● Work to be completed:
All that is wanted is the exact text of the lines below from the one with "scheda-tecnica-connettore-centrostorico-legno" through the one with "Один день из", inclusive, minus any pictures.

● Data in this exercise:
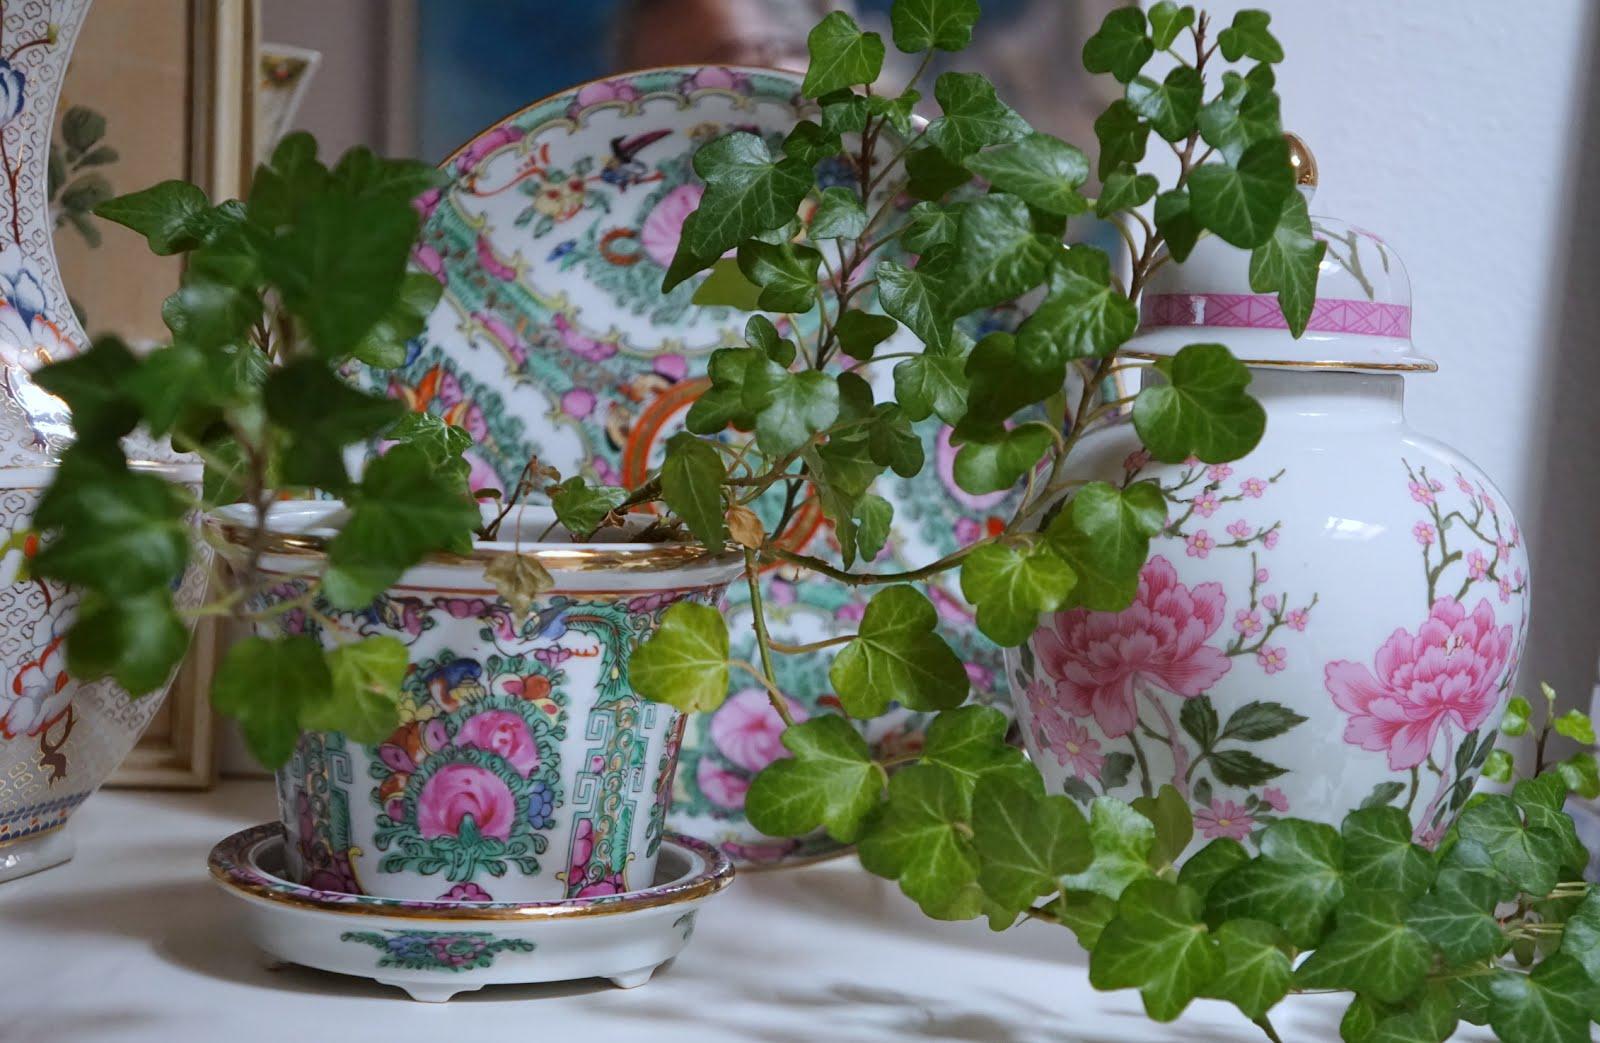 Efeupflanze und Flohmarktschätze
...
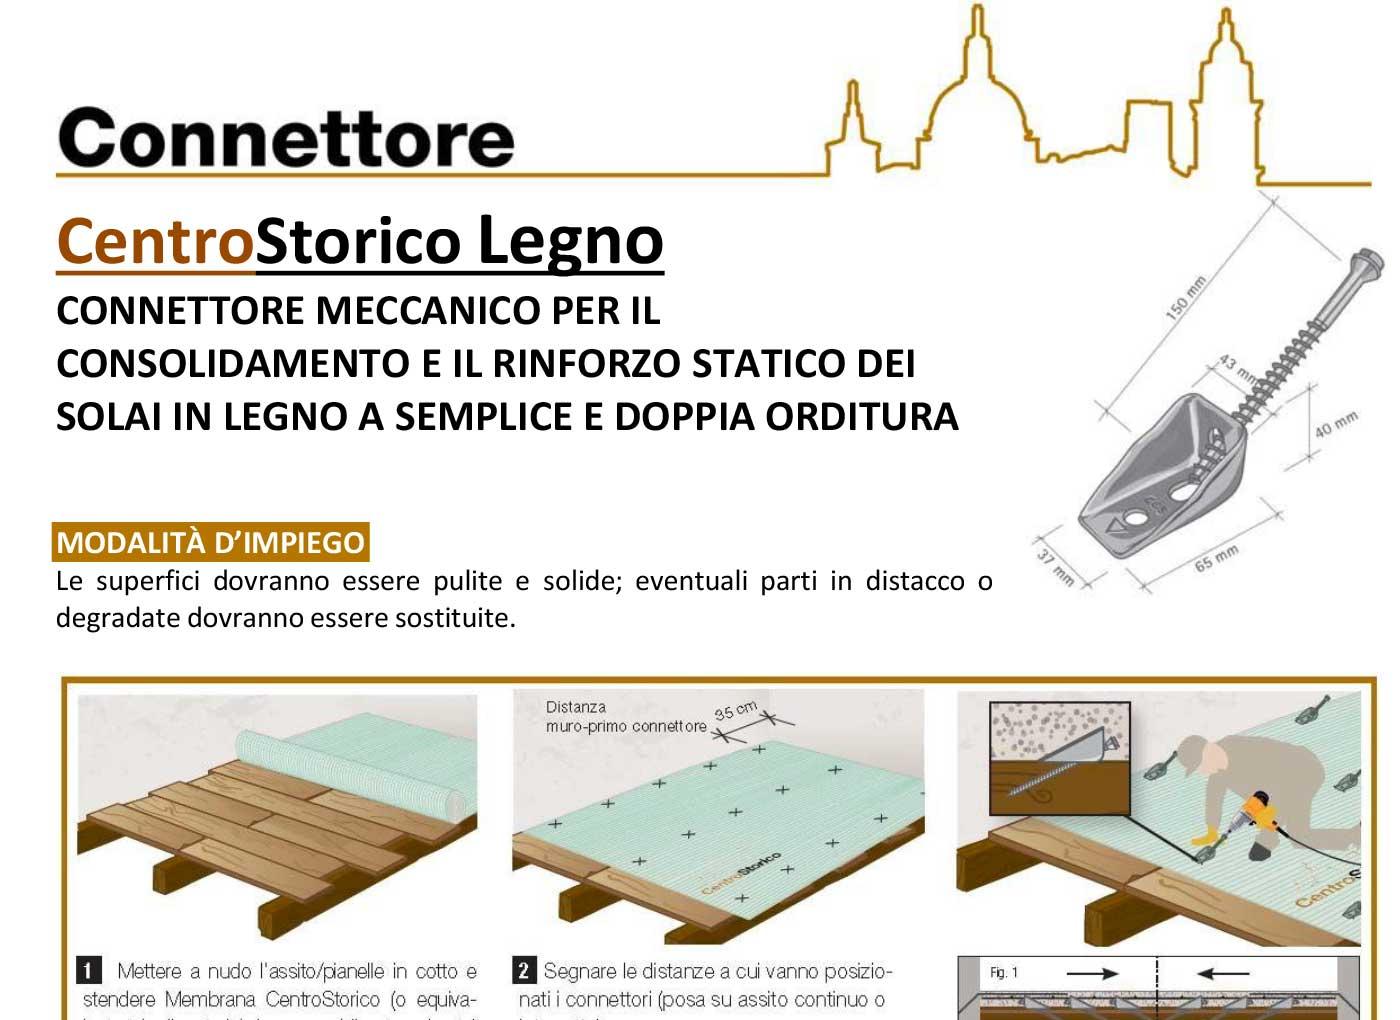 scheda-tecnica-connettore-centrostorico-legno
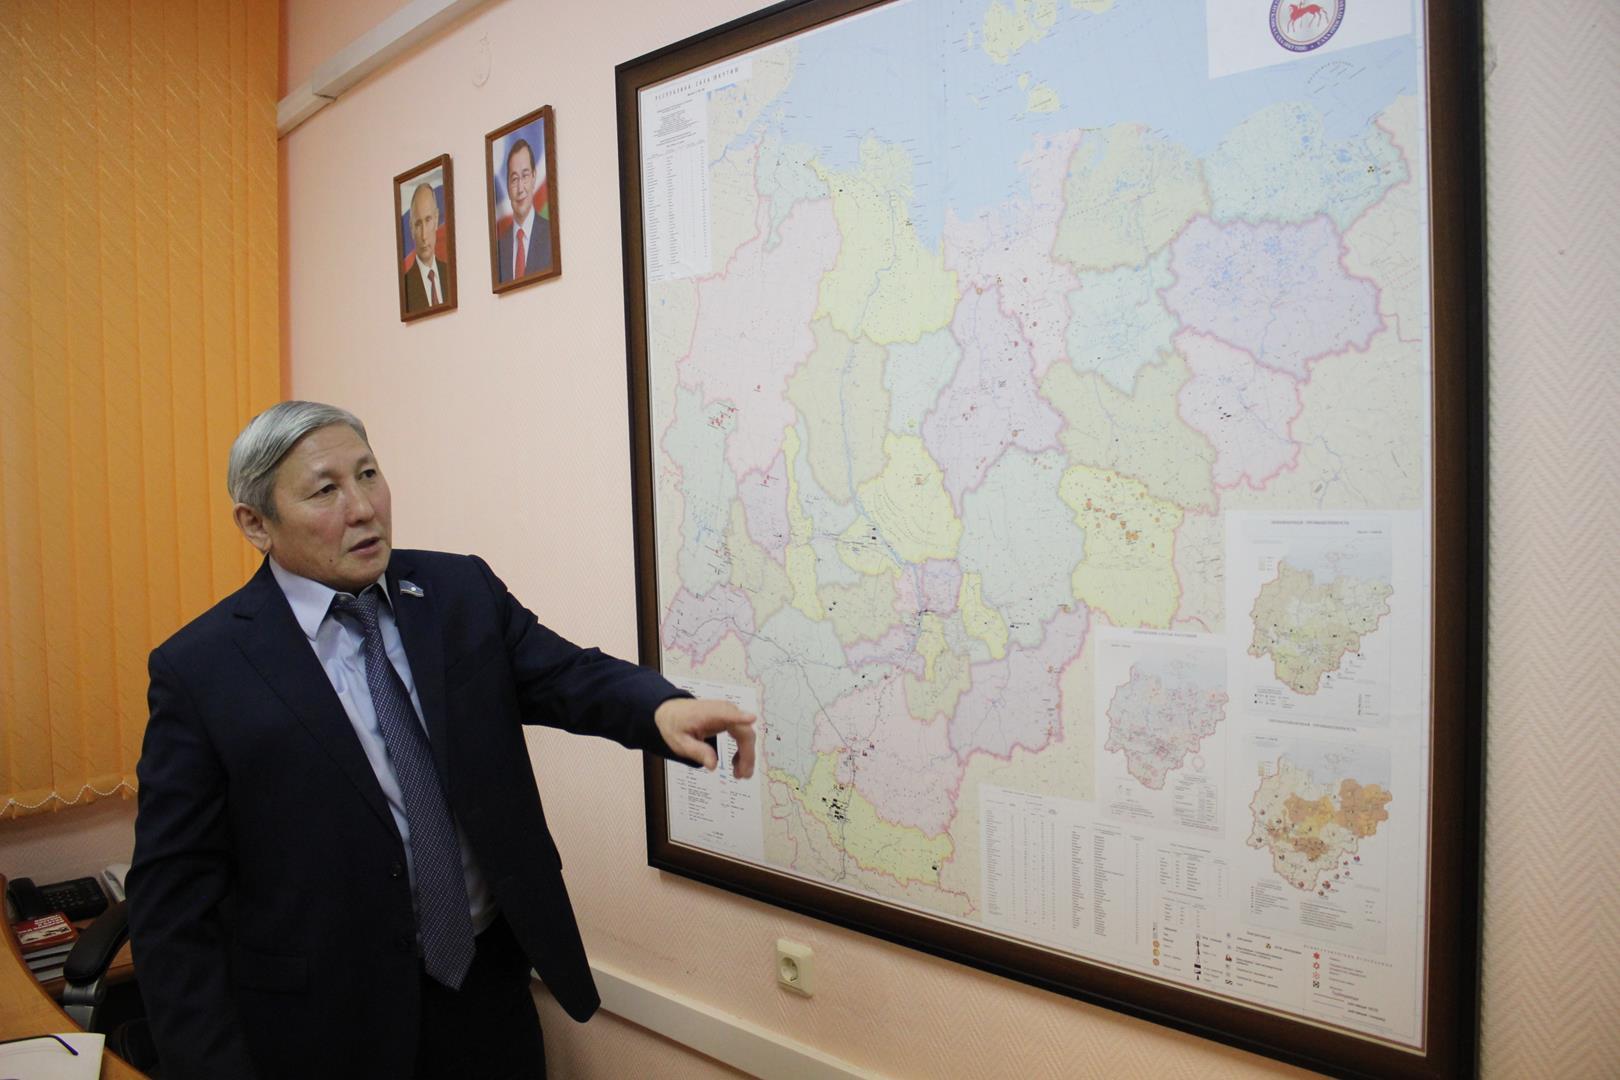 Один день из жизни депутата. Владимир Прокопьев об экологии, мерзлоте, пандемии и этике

● Task solution:
 scheda-tecnica-connettore-centrostorico-legno
 Один день из жизни депутата. Владимир Прокопьев об экологии, мерзлоте, пандемии и этике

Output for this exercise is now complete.